A dividend yield calculator is used by income investors to measure how much cash return they receive from a stock relative to its price. It's a core metric for evaluating dividend stocks, REITs, and income-focused portfolios.
How to Use This Calculator
- Enter the annual dividend per share (or enter the most recent quarterly/monthly dividend and select the frequency).
- Enter the current share price.
- Click Calculate to see dividend yield %, annual income per share, and income for any number of shares.
What This Calculator Measures
- Dividend yield % — Annual dividend divided by share price, expressed as a percentage.
- Annual income — Total dividend income per share over a full year.
- Quarterly or monthly income — Per-period payout based on dividend frequency.

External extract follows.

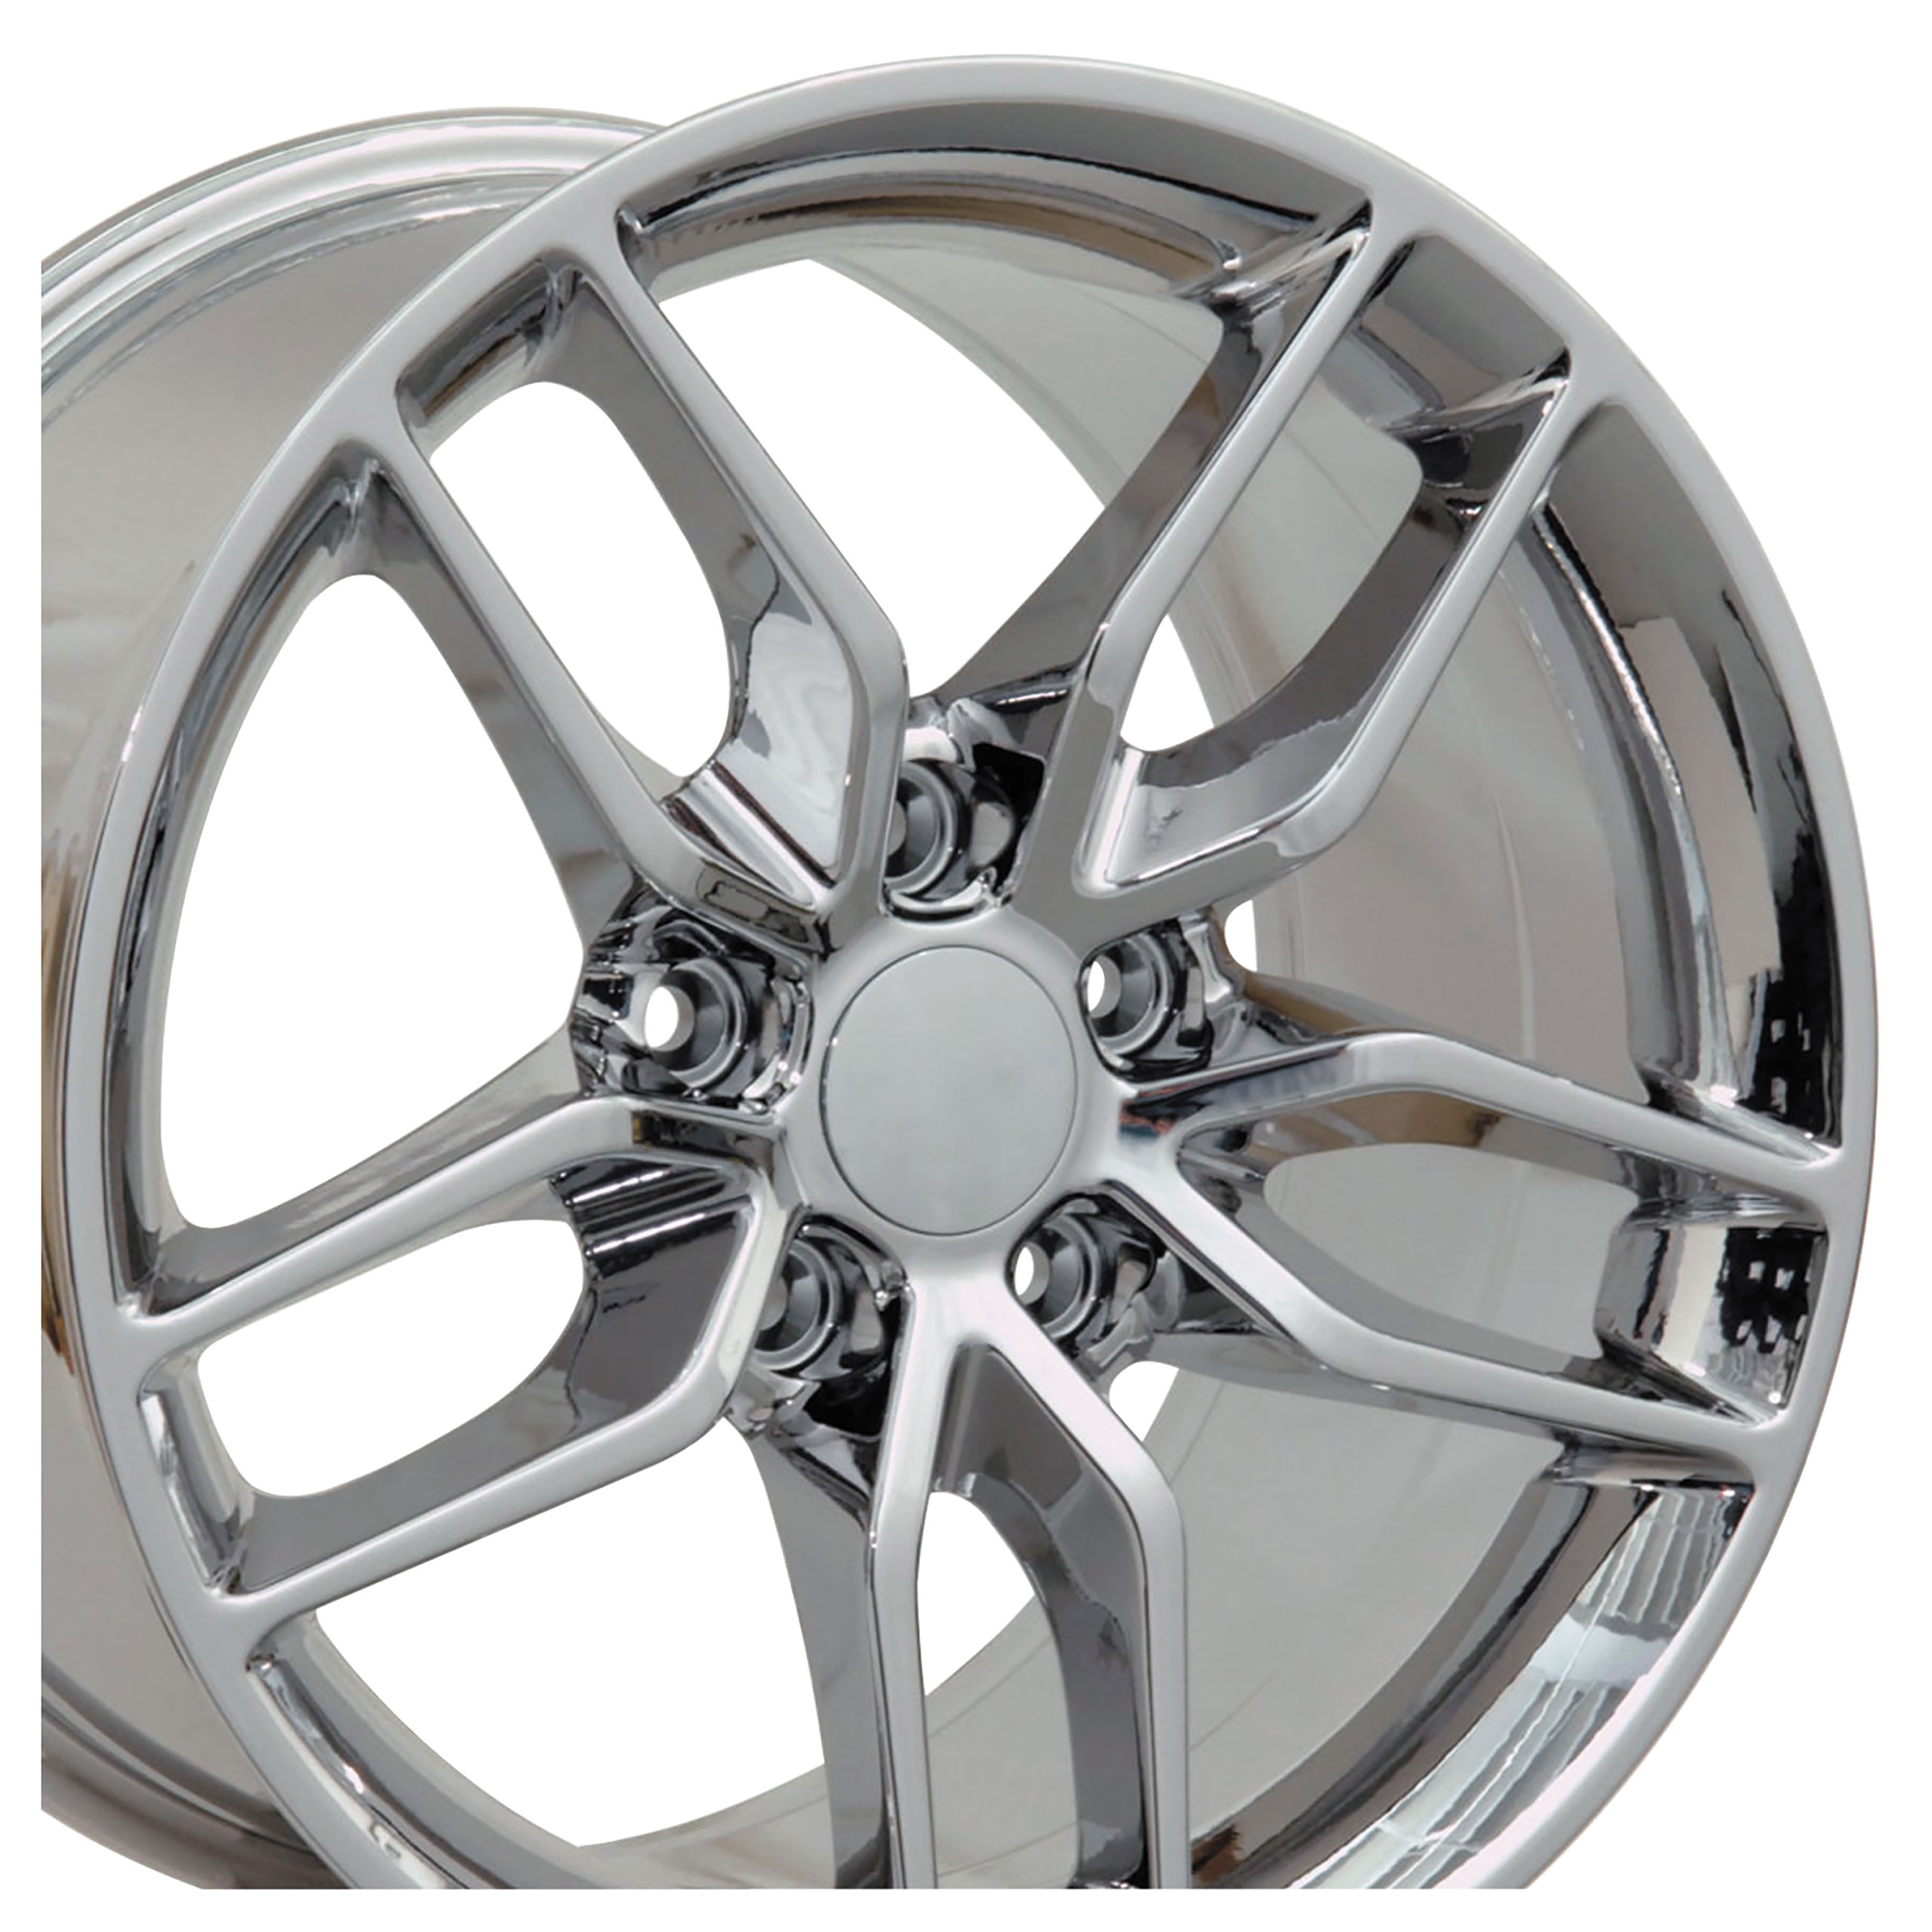 C7 Z51 Style Chrome Wheel 18x85 56mm Offset For 2014-2019 Corvette

- Total portfolio income — Income from all shares held at a given yield.
Formula or Logic
Dividend Yield % = (Annual Dividend Per Share ÷ Current Share Price) × 100
Annual Income = Dividend Per Share × Number of Shares
If dividends are paid quarterly, Annual Dividend = Quarterly Dividend × 4.
Example Calculations
Example 1: A stock pays $1.80/year in dividends and trades at $45. Yield = 4%. Holding 200 shares generates $360/year in income.
Example 2: A REIT pays $0.25/month per share at a $38 price. Annual dividend = $3.00. Yield = 7.89%.
Understanding Your Results
Yields above 4–5% can signal high income, but very high yields (above 8–10%) may indicate a price drop or unsustainable payout. Always check the payout ratio (dividends as a % of earnings) to assess sustainability.
Common Mistakes to Avoid
- Using the historical dividend without checking whether it has been recently cut or suspended.
- Ignoring dividend growth — a 3% yield growing at 7% annually can outperform a static 5% yield.
- Confusing trailing yield (past dividends) with forward yield (projected dividends).
- Not accounting for dividend withholding taxes in foreign-stock investments.